-- Supplied records --
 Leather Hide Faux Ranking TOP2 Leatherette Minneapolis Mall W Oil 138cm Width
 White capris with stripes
==
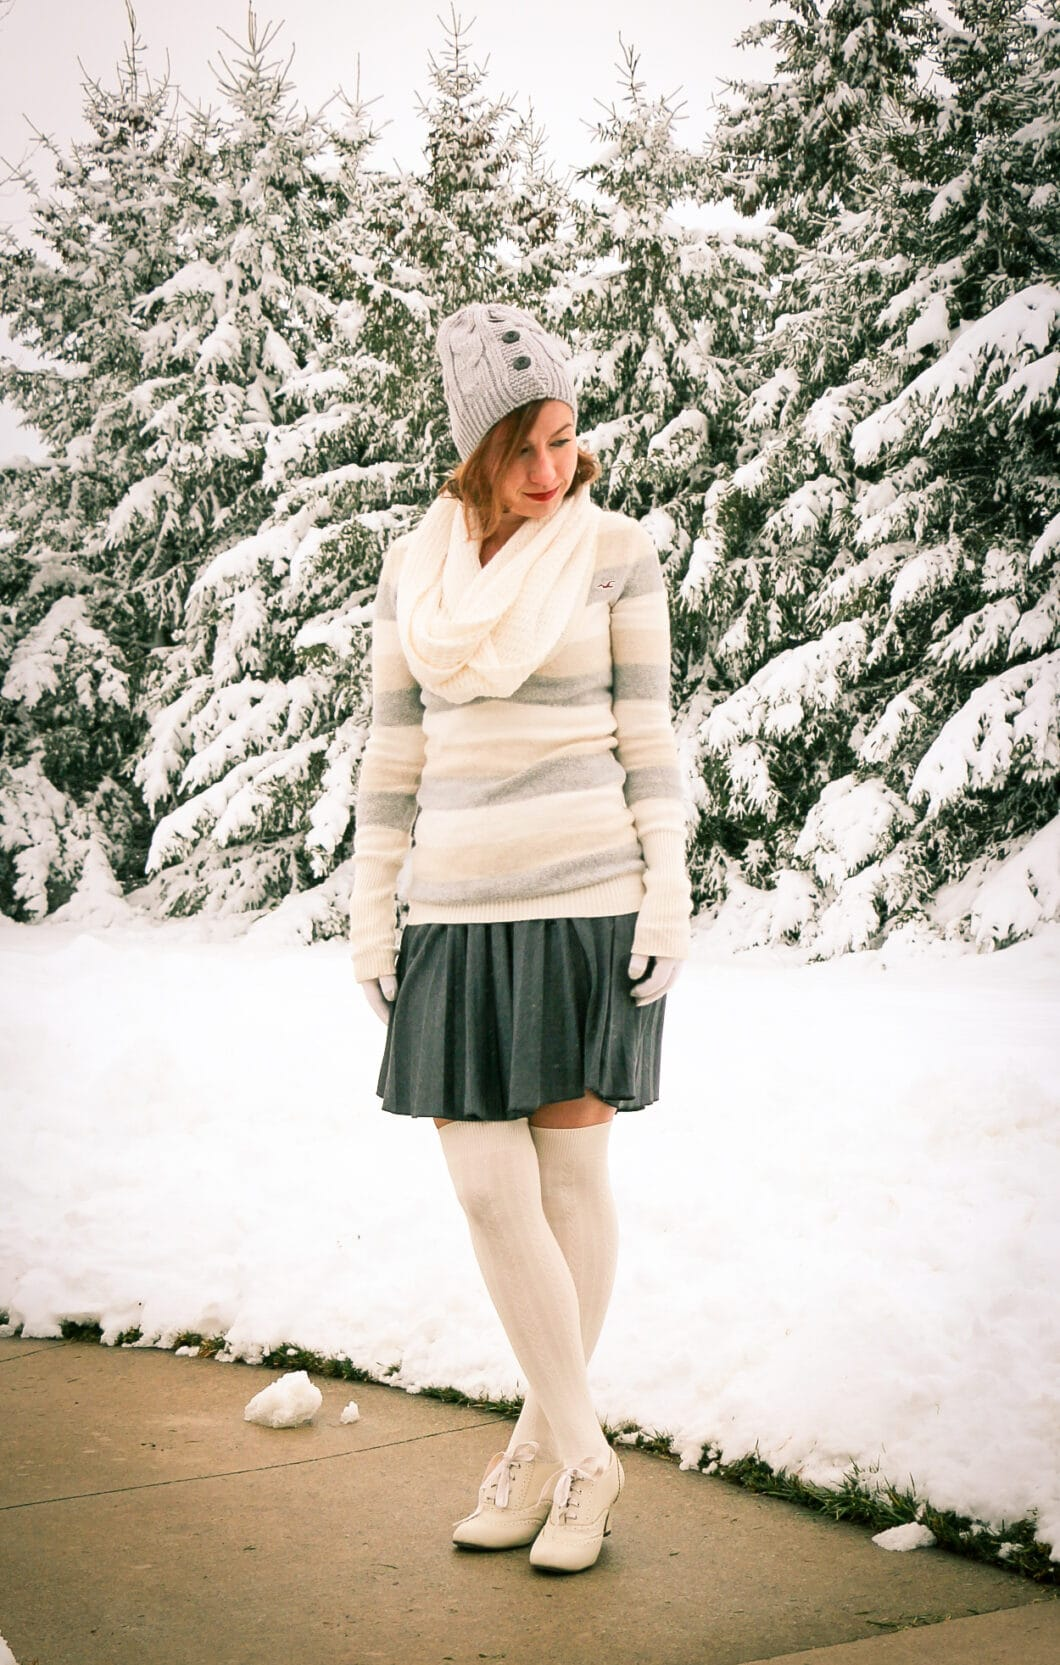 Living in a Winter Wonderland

-- Work request --
In the listing above, find the line containing "Leather Hide Faux" and the line containing "White capris with stripes". Output them and every line between, exactly, and nothing else.

-- Output below --
 Leather Hide Faux Ranking TOP2 Leatherette Minneapolis Mall W Oil 138cm Width
 White capris with stripes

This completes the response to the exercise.